#### DATASET CONTENT:
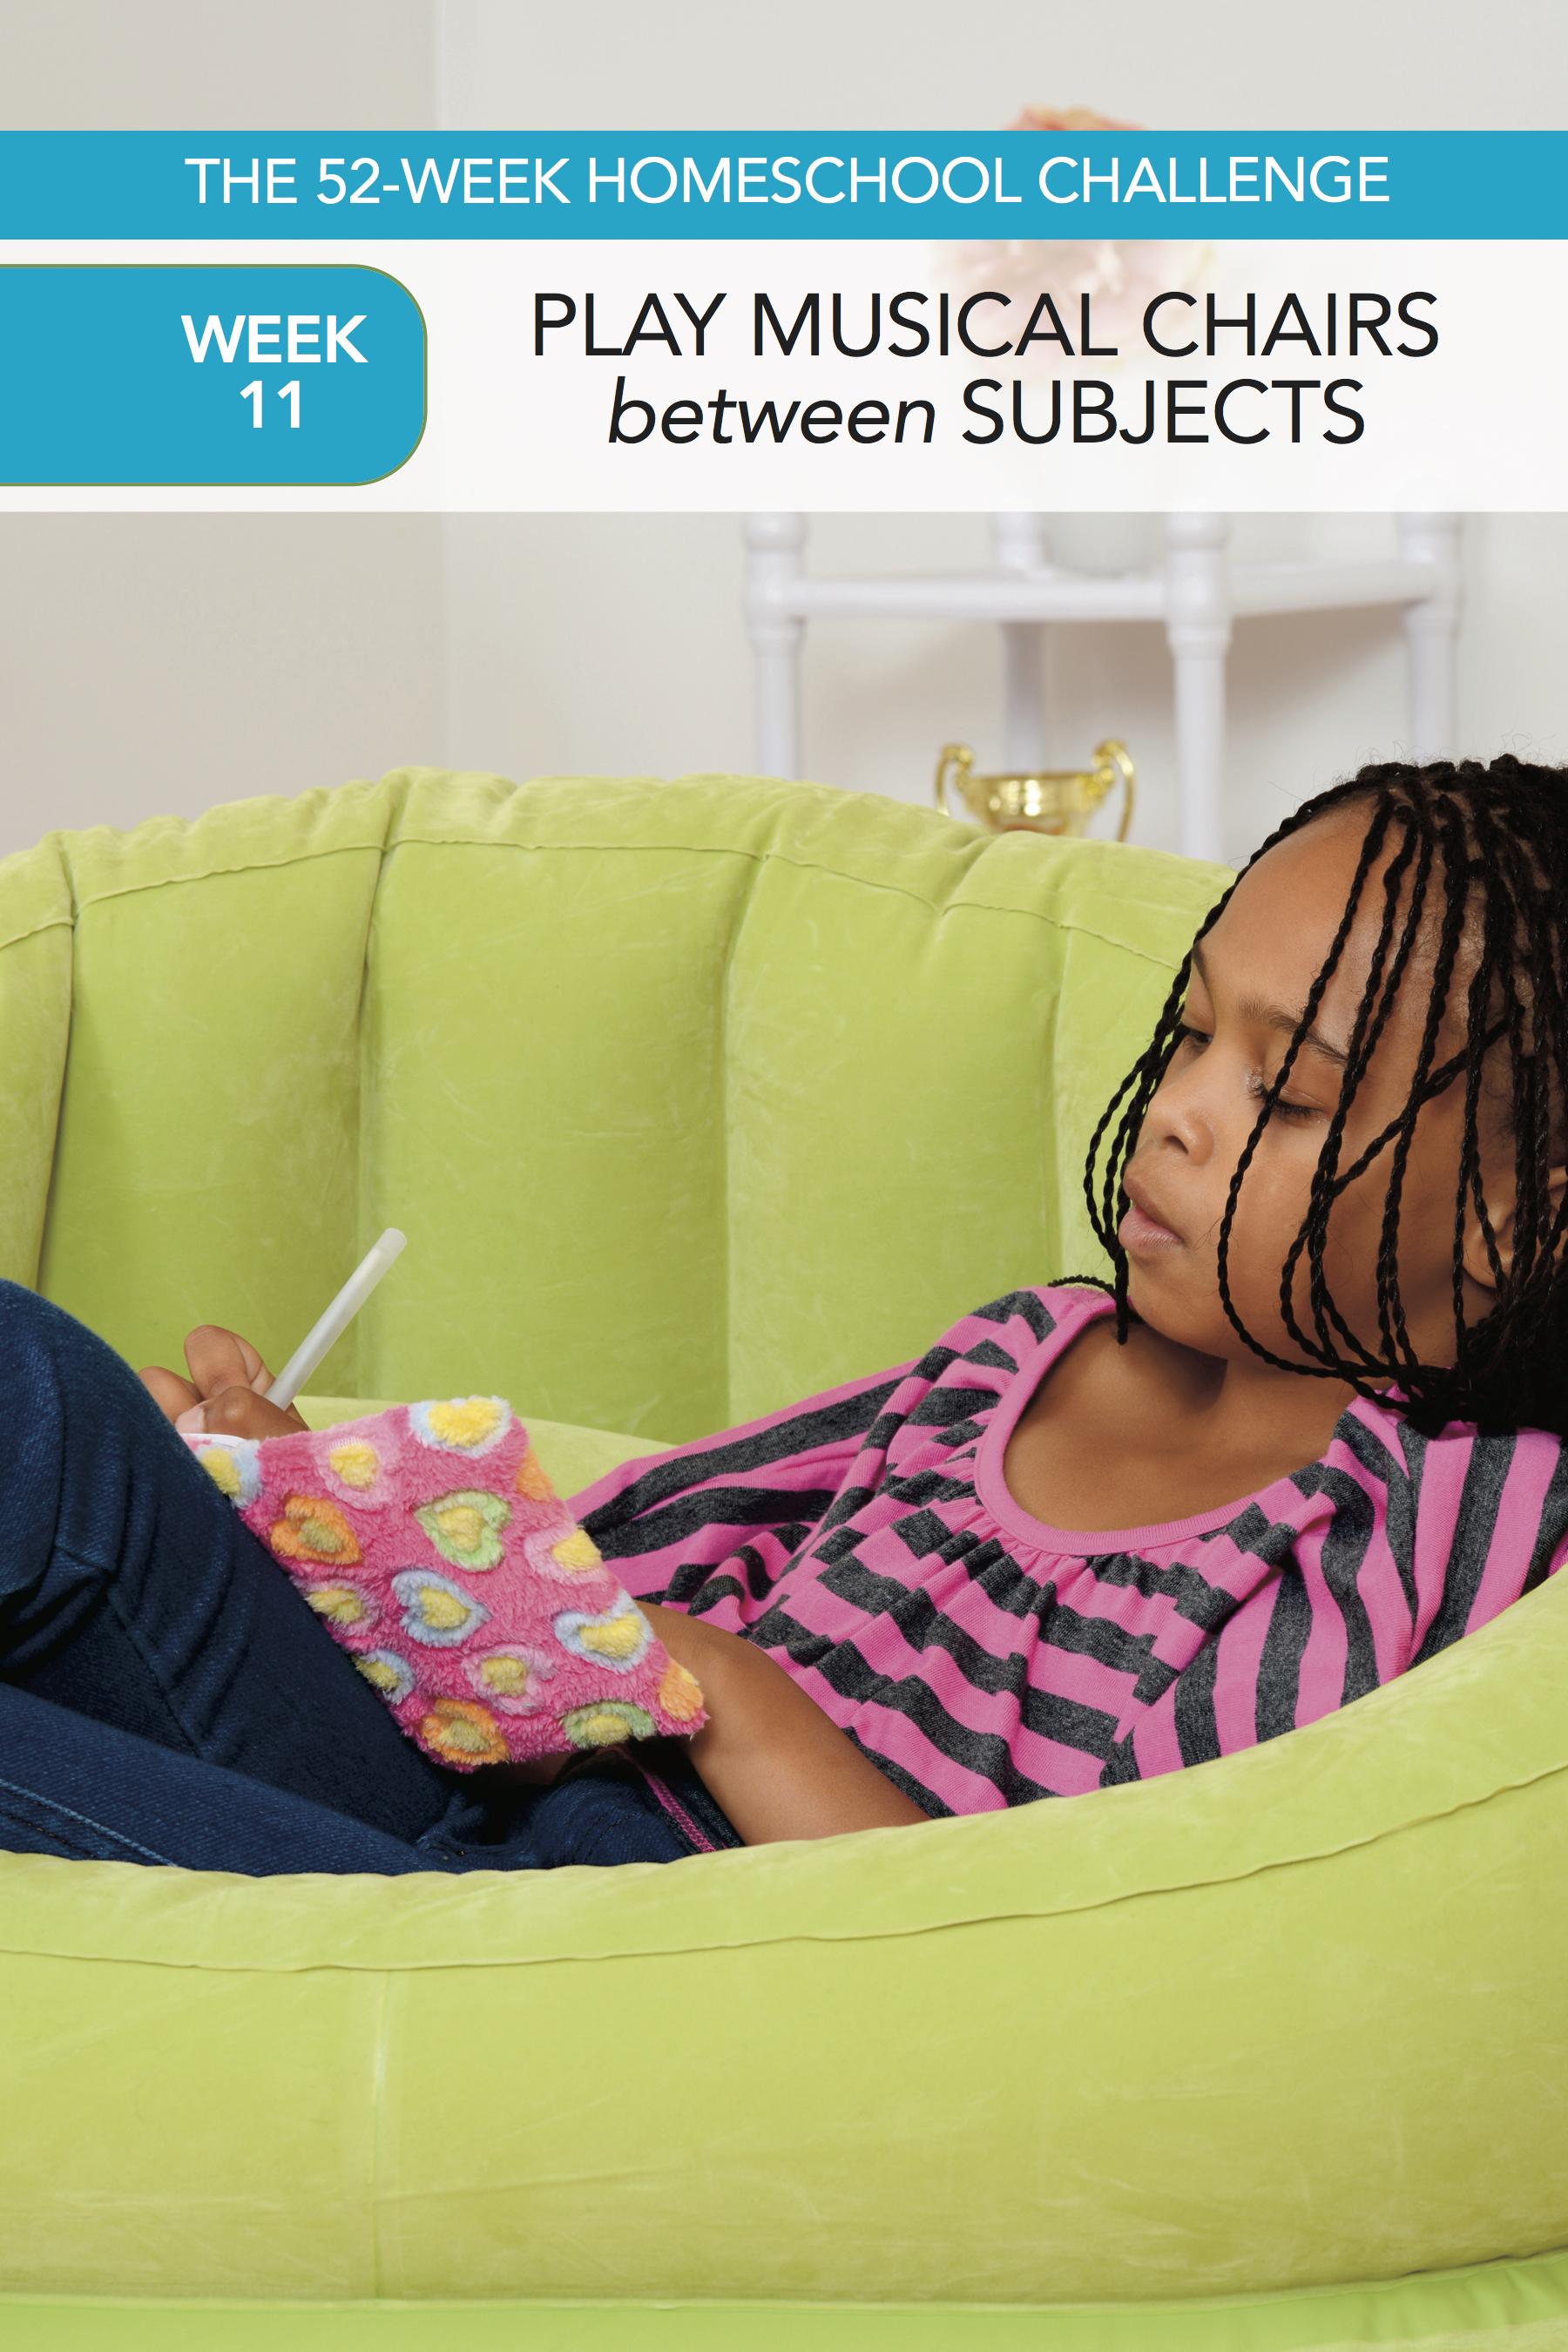 52 Weeks of Happier Homeschooling Week 11: Play Musical Chairs
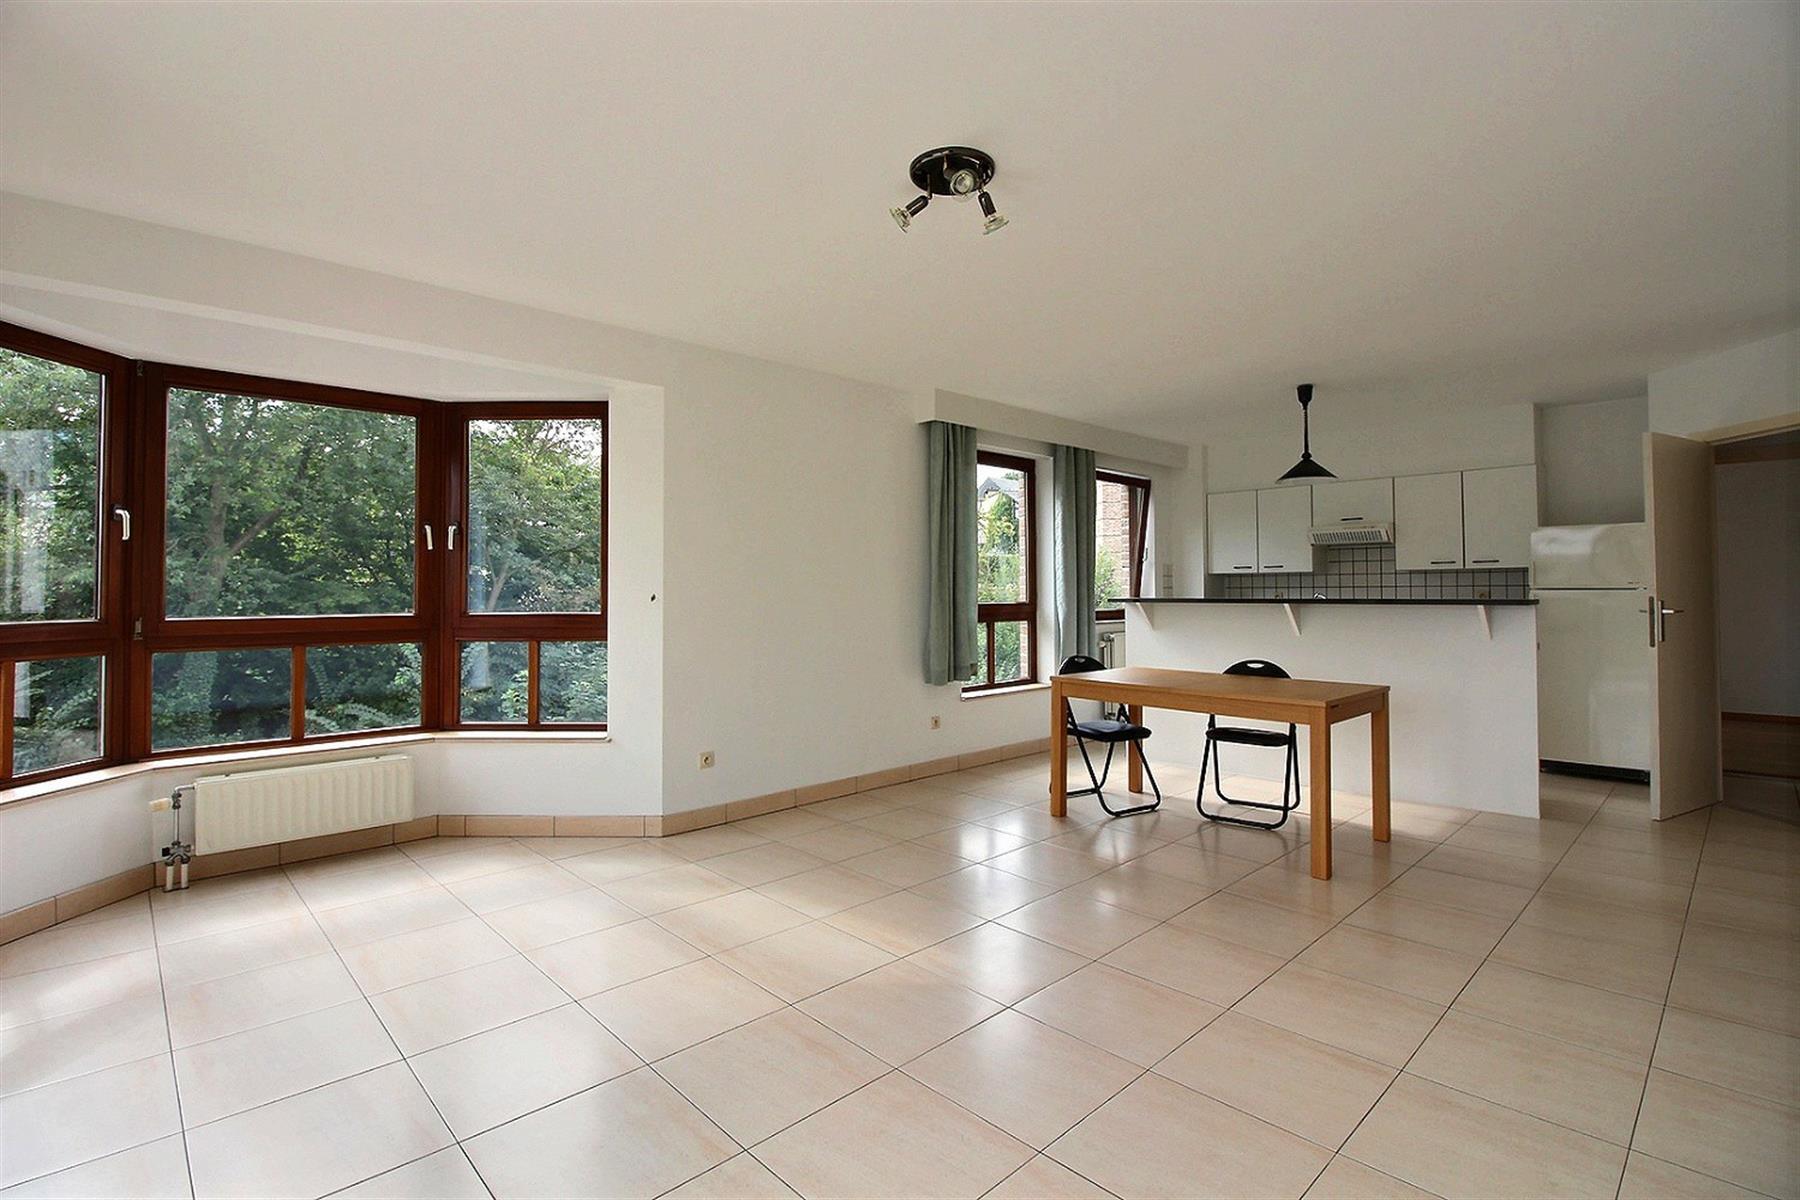 Appartement - Ottignies-Louvain-la-Neuve - #4365104-2
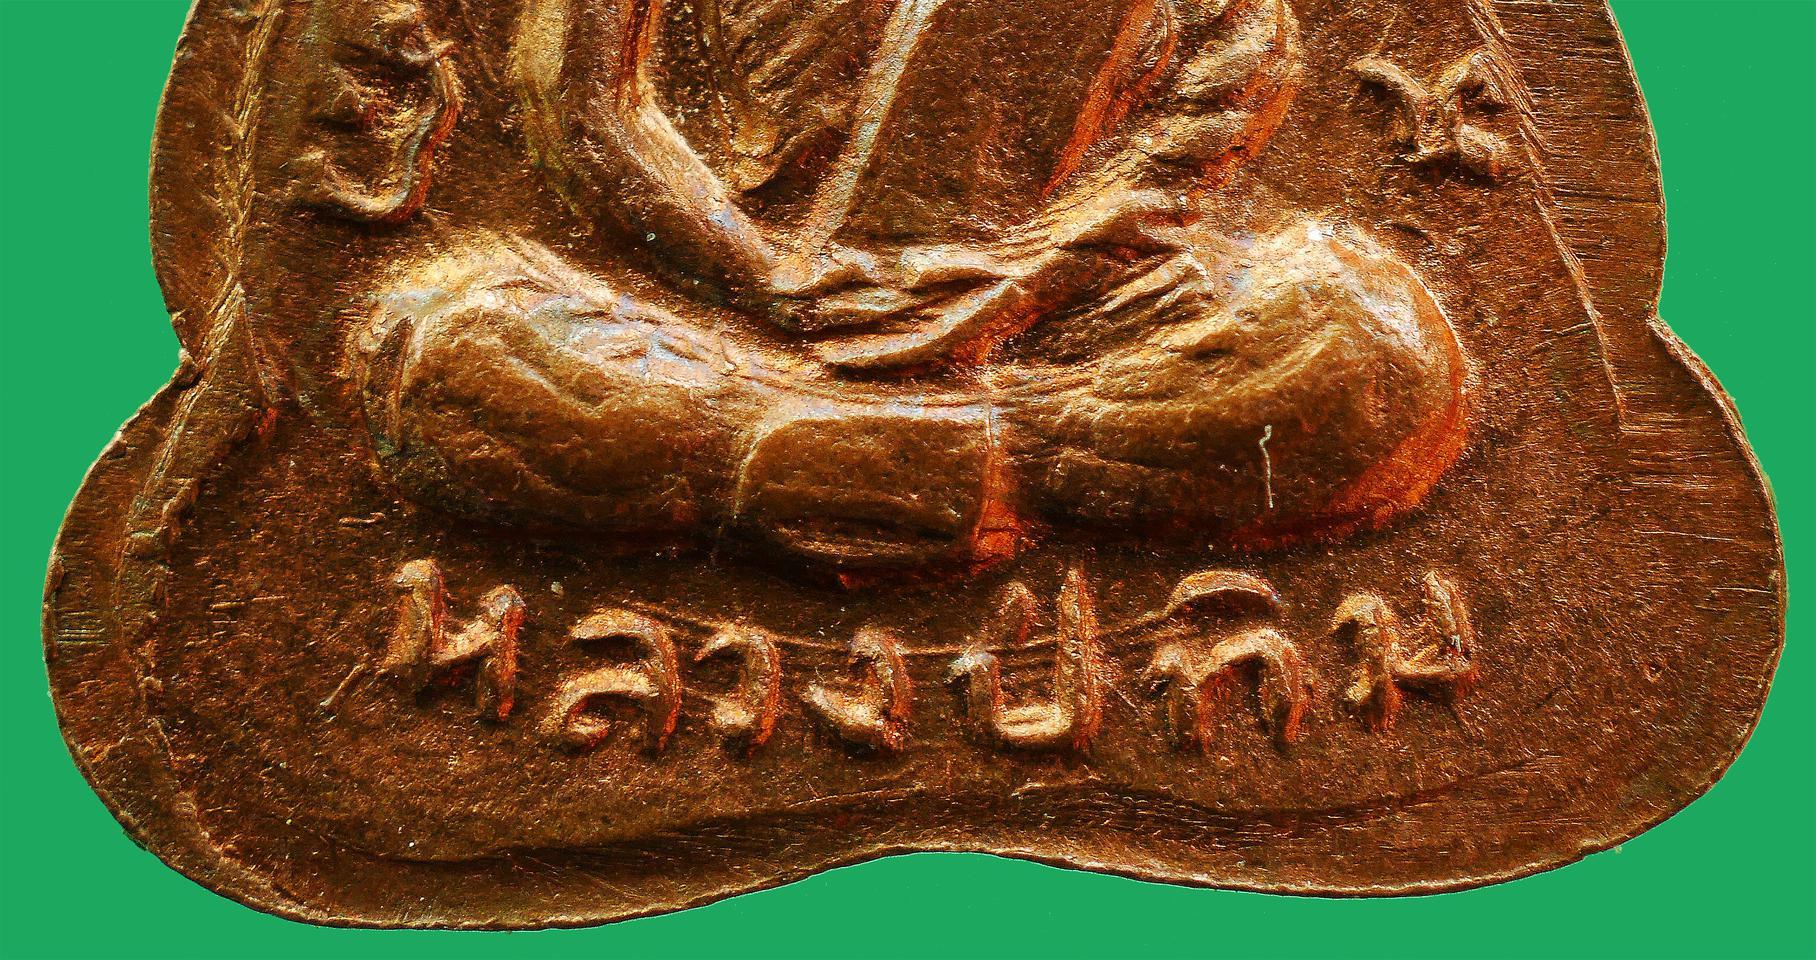 พระปิดตาหลังรูปเหมือน หลวงปู่ทิม วัดละหารไร่ ปี พ.ศ.2517...สวยเดิม รูปที่ 6

#### ABOUT THIS TASK:
In your answer, repeat the material above in full, exactly, and without its pictures.

#### YOUR RESPONSE:
 52 Weeks of Happier Homeschooling Week 11: Play Musical Chairs
 Appartement - Ottignies-Louvain-la-Neuve - #4365104-2
 พระปิดตาหลังรูปเหมือน หลวงปู่ทิม วัดละหารไร่ ปี พ.ศ.2517...สวยเดิม รูปที่ 6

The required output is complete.